- Specialty: Dermatology

= Papular mucinosis =

Papular mucinosis (also known as scleromyxedema, "generalized lichen myxedematosus" and "sclerodermoid lichen myxedematosus") is a rare skin disease. Localized and disseminated cases are called papular mucinosis or lichen myxedematosus while generalized, confluent papular forms with sclerosis are called scleromyxedema. Frequently, all three forms are regarded as papular mucinosis. However, some authors restrict it to only mild cases. Another form, acral persistent papular mucinosis is regarded as a separate entity.

==Presentation==
Papular mucinosis is chronic and may be progressive. The dermal layer of the skin breaks out into small and solid bumps, usually conical in shape and measured from 2 to 4 mm or sometimes flat-topped papules. Unlike pustules, these bumps do not contain pus. Instead they contain mucin, a waxy substance of mucus, the body's natural and protective lubricant found in saliva and epithelial cells in lungs and the sensitive part of the nose. They usually come in clusters such as linear arrays. Less frequently, urticarial, nodular, or sometimes annular lesions may be appreciated. The dorsal aspect of the hands, face, elbows, and extensor portions of the extremities are most frequently affected. Mucosal lesions are absent. The coalescence of papules on the face, particularly on the glabella, results in longitudinal folding and gives the appearance of a leonine facies.

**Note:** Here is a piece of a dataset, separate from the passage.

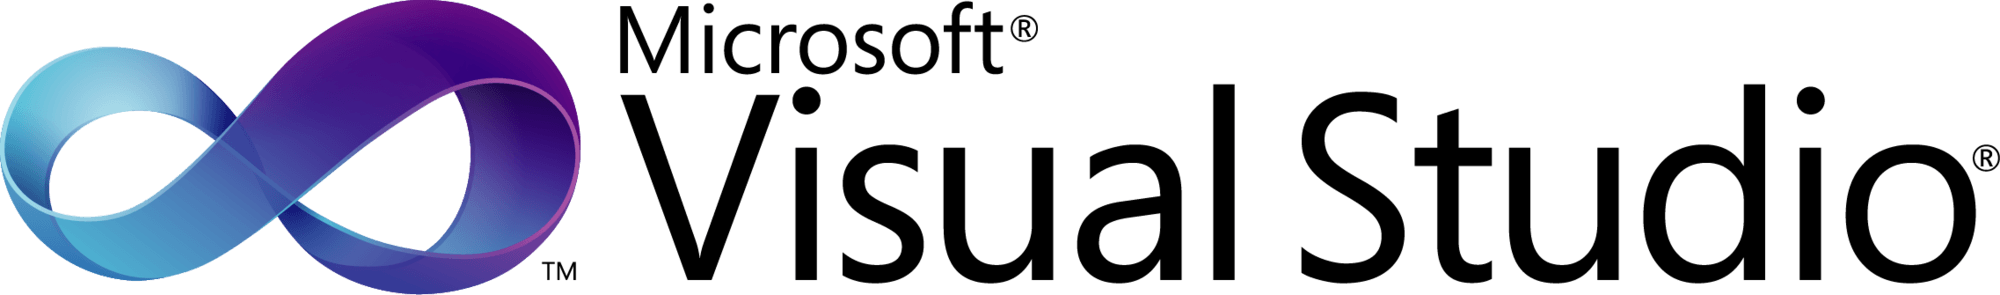 Visual Studio Logo - Microsoft Visual Studio

In scleromyxedema, symptoms can occur on larger part of the body. Redness and scleroderma-like induration occurs on the skin. In addition, the mobility of the lips, hands, arms, and legs is reduced. Proximal myopathy, inflammatory polyarthritis, central nervous system symptoms, esophageal aperistalsis, and hoarseness are among the notable systemic symptoms. If viscera is involved, the disease will be fatal. The dermatoneuro syndrome is a rare neurological complication of the disease presenting with fever, seizures and altered mental status.

==Diagnosis==
=== Classification ===
Papular mucinosis may be divided into several types or variants:

- Acral persistent papular mucinosis
- Self-healing papular mucinosis
- Papular mucinosis of infancy
- Cutaneous mucinosis of infancy
- Nodular lichen myxedematosus
- Localized lichen myxedematosus
- Discrete papular lichen myxedematosus

==Treatment==
There is no effective treatment for this condition. It has been reported that clearance of lesions can be done with melphalan and cyclophosphamide alone or in combination with prednisone. Both isotretinoin and etretinate have also been shown to improve the conditions. All medications listed can cause adverse symptoms, with isotretinoin and etretinate particularly dangerous since they are both teratogens. Other attempted treatments include interferon-alpha, cyclosporine, PUVA photochemotherapy, electron-beam therapy, IVIg and dermabrasion. However, the overall prognosis for the disease is poor. There are reported instances of remission of the disease when treated with a combination of Revlimid and Dexamethasone over a 24-month period.

==Incidence==
Papular mucinosis affects adults of both sexes equally and appears between ages 30 and 80. Recently, it has been reported in patients infected with the HIV/AIDS virus. It has also been associated with certain paraproteinemias such as IgG lambda paraproteinemia.